> What to work on
Repeat the listing exactly. Pictures stay out of your copy.

> Recorded information
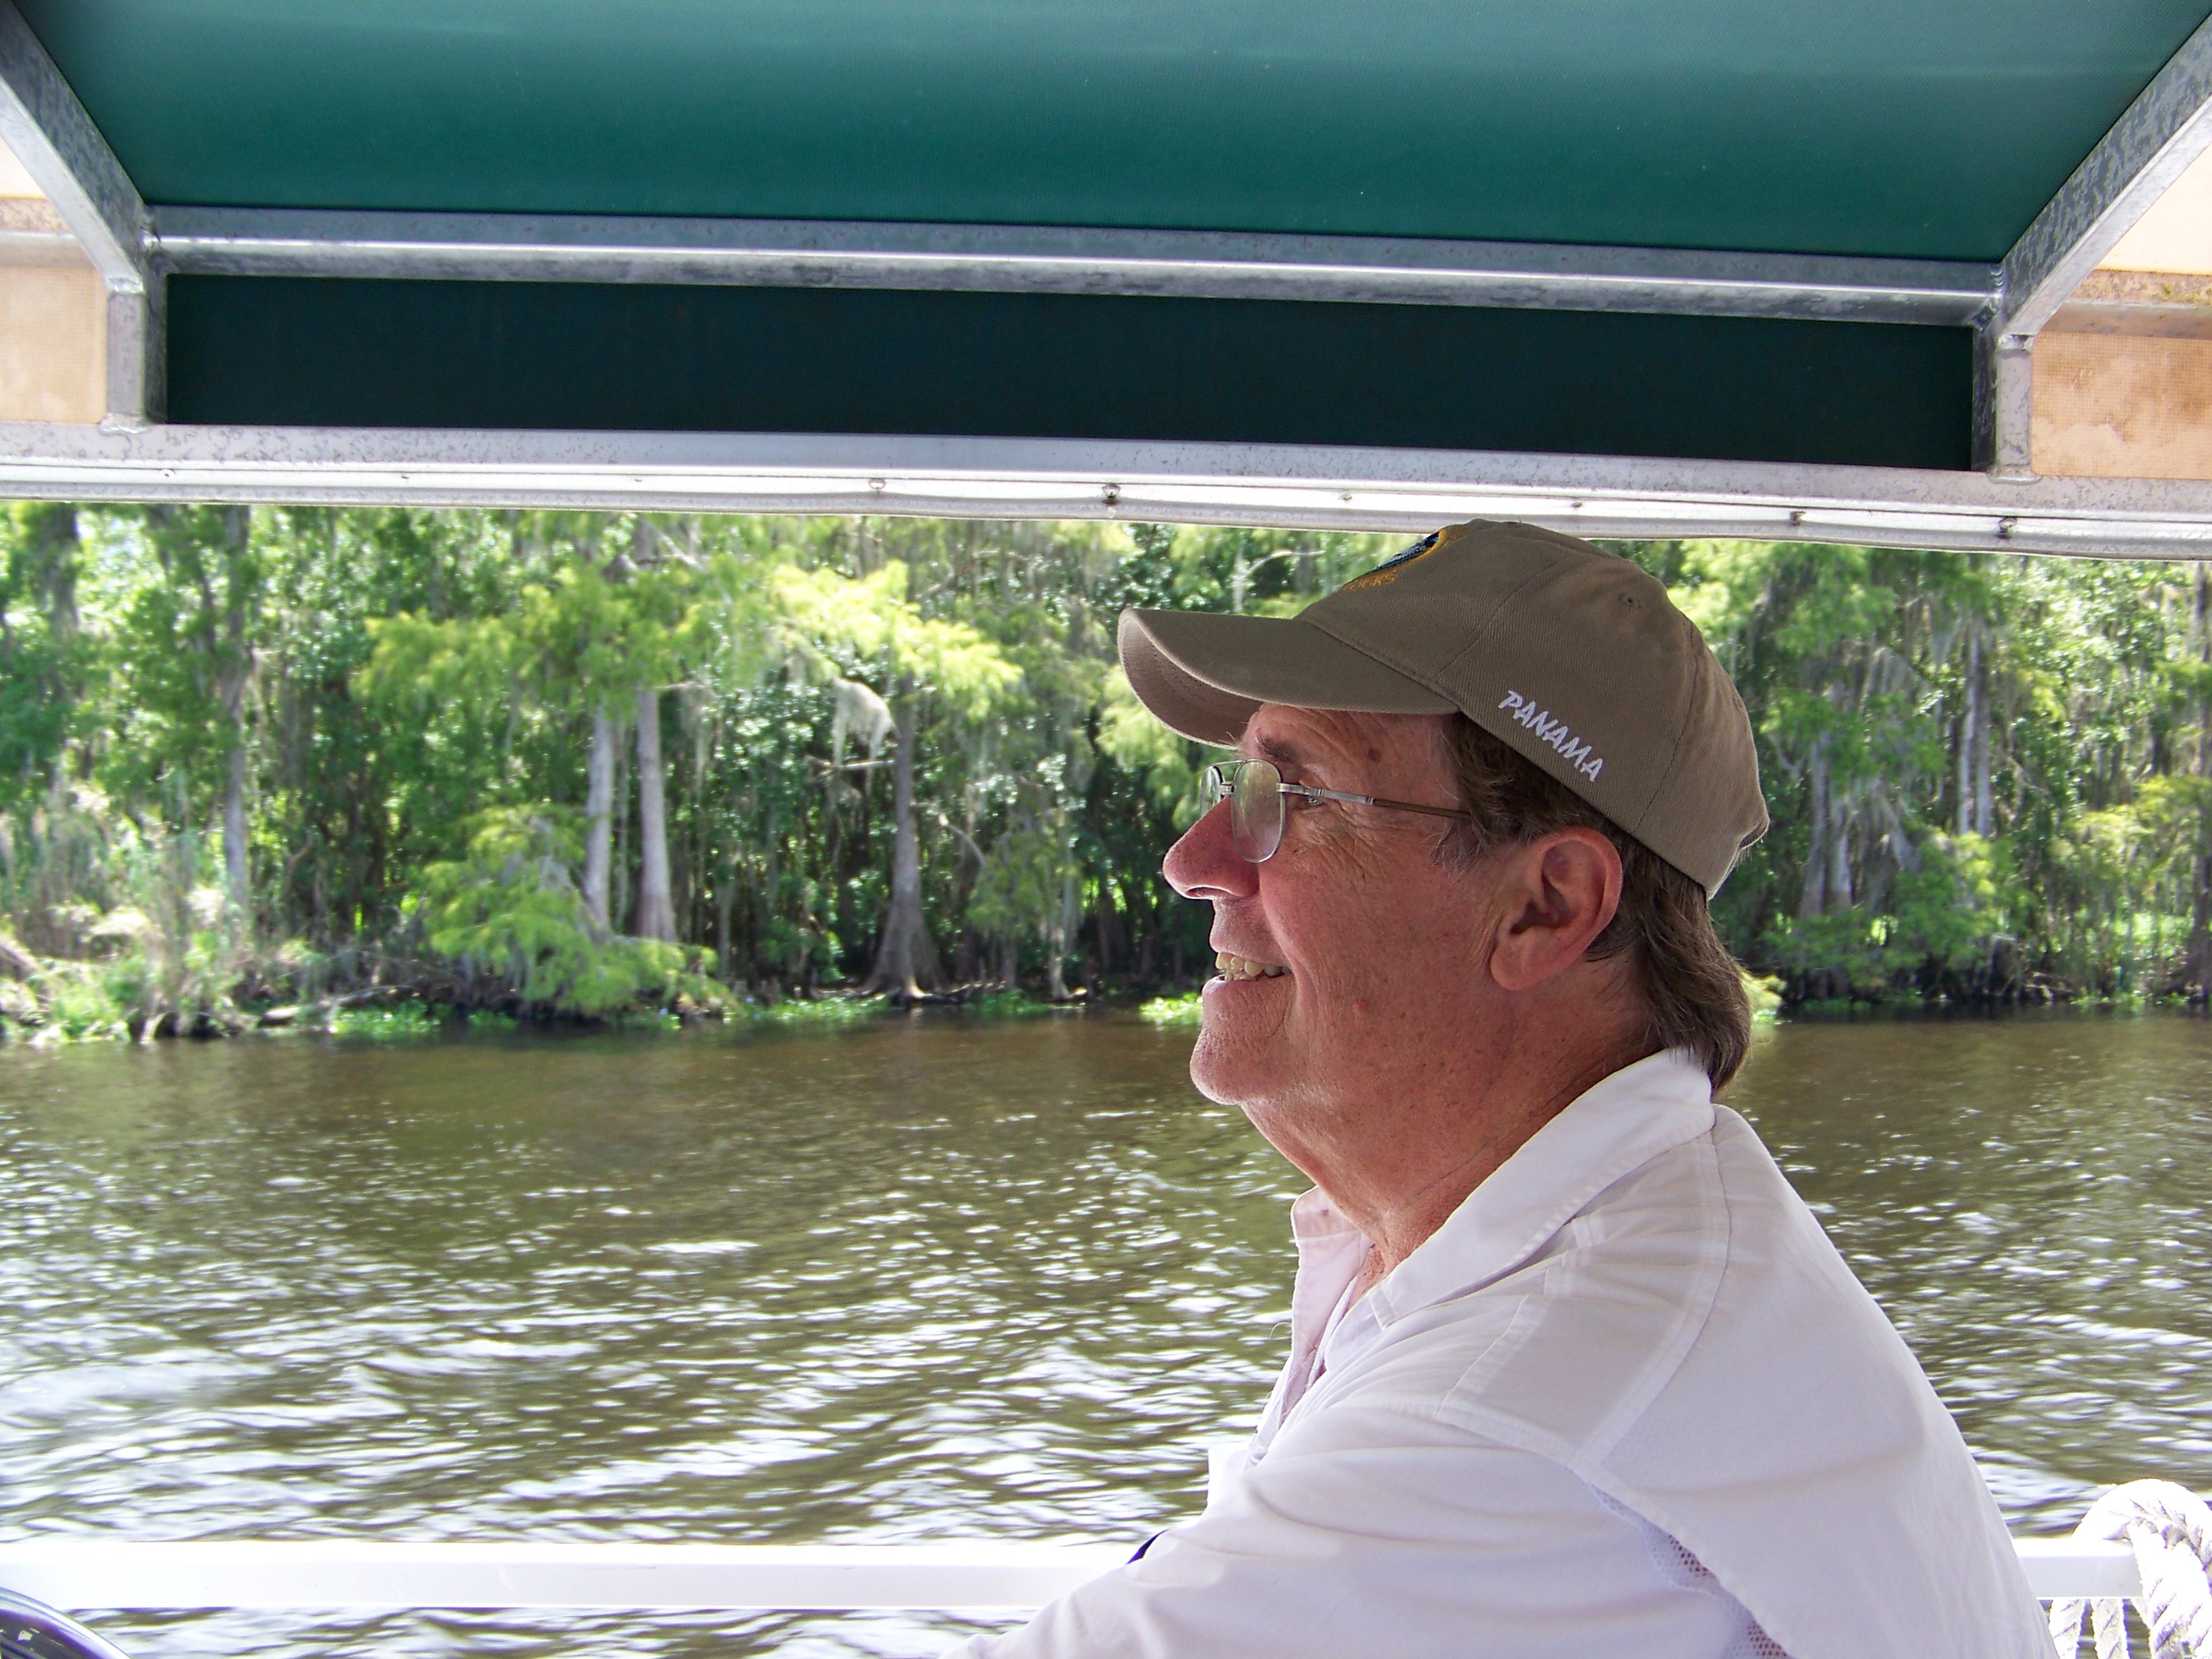 My hero brother, Captain Ron taking me on a peaceful cruise along the St. John's River aboard his Native II.
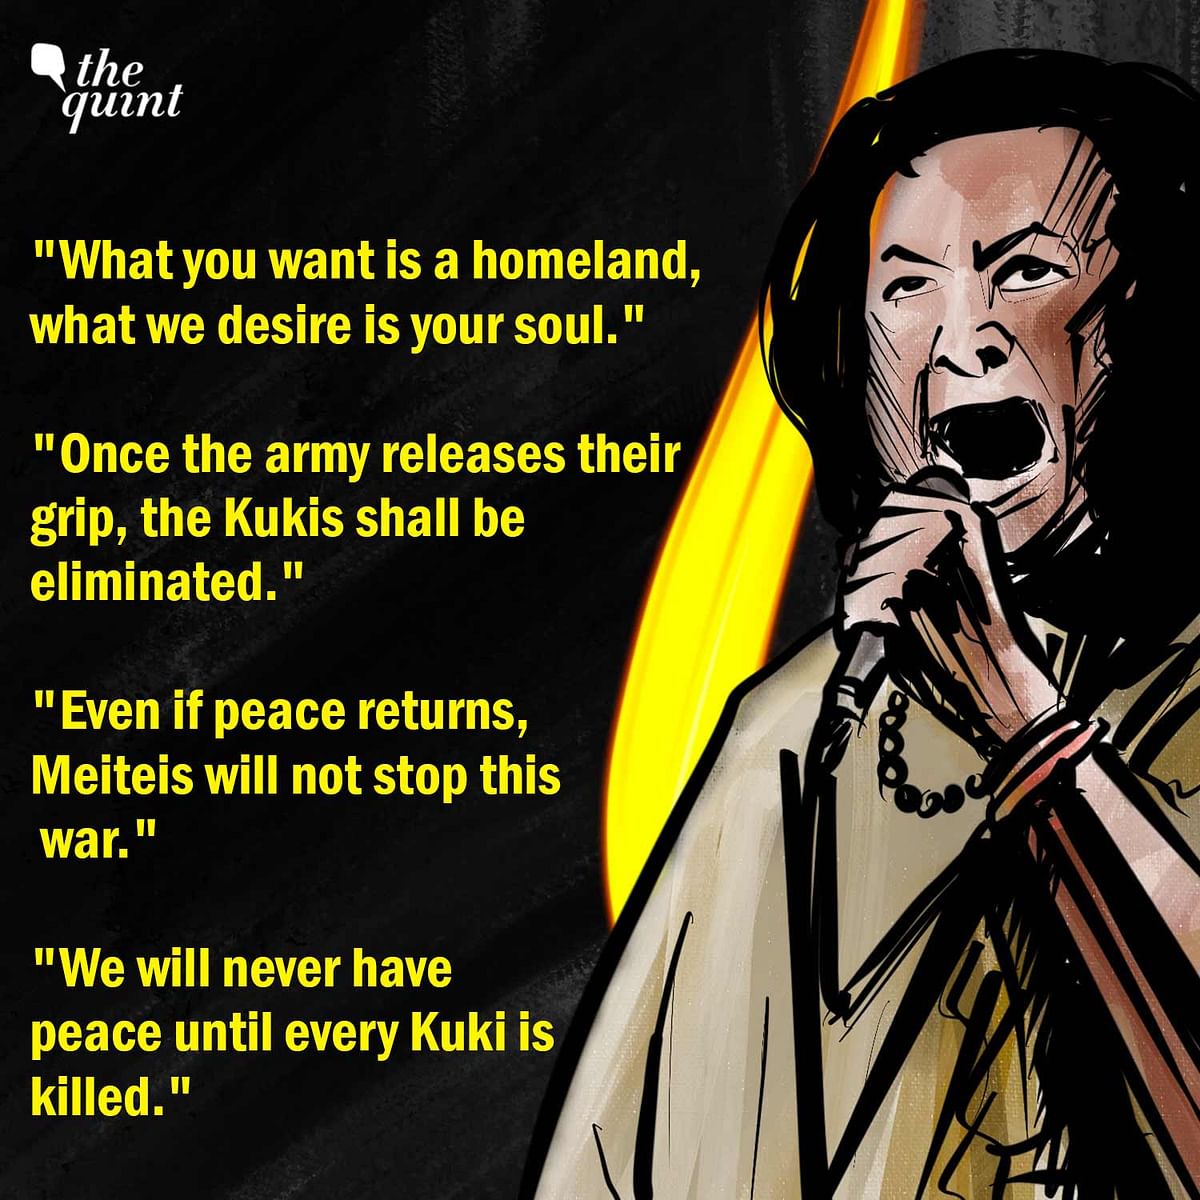 Speaking to The Quint, the popular Meitei singer has stood by his lyrics and blamed Kukis for the ongoing violence.
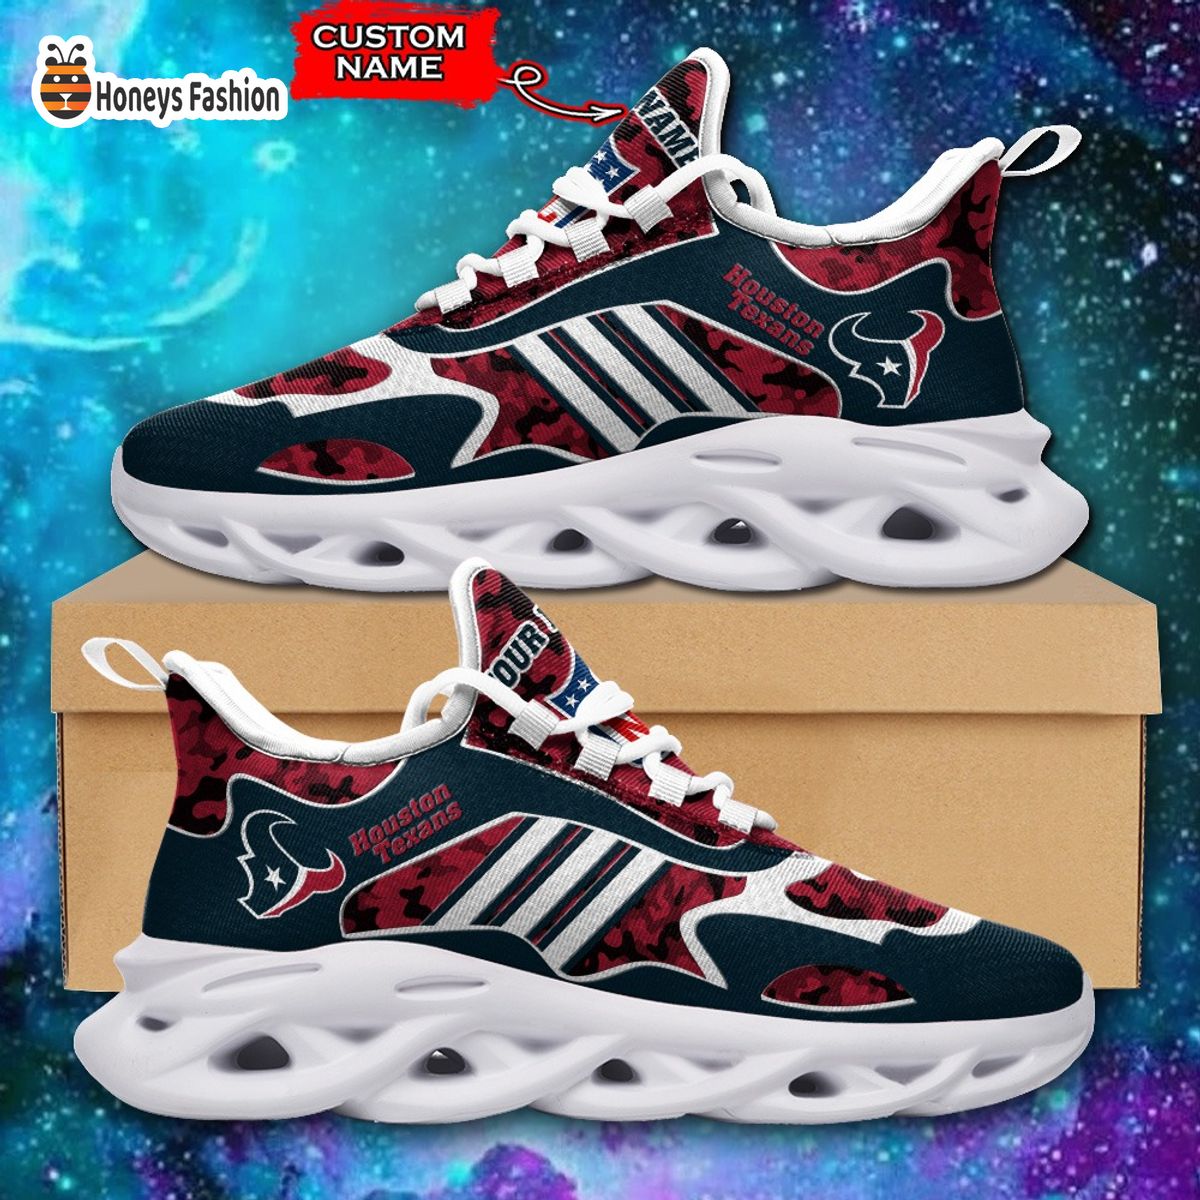 Houston Texans NFL Adidas Personalized Max Soul Shoes

> Solution below
 My hero brother, Captain Ron taking me on a peaceful cruise along the St. John's River aboard his Native II.
 Speaking to The Quint, the popular Meitei singer has stood by his lyrics and blamed Kukis for the ongoing violence.
 Houston Texans NFL Adidas Personalized Max Soul Shoes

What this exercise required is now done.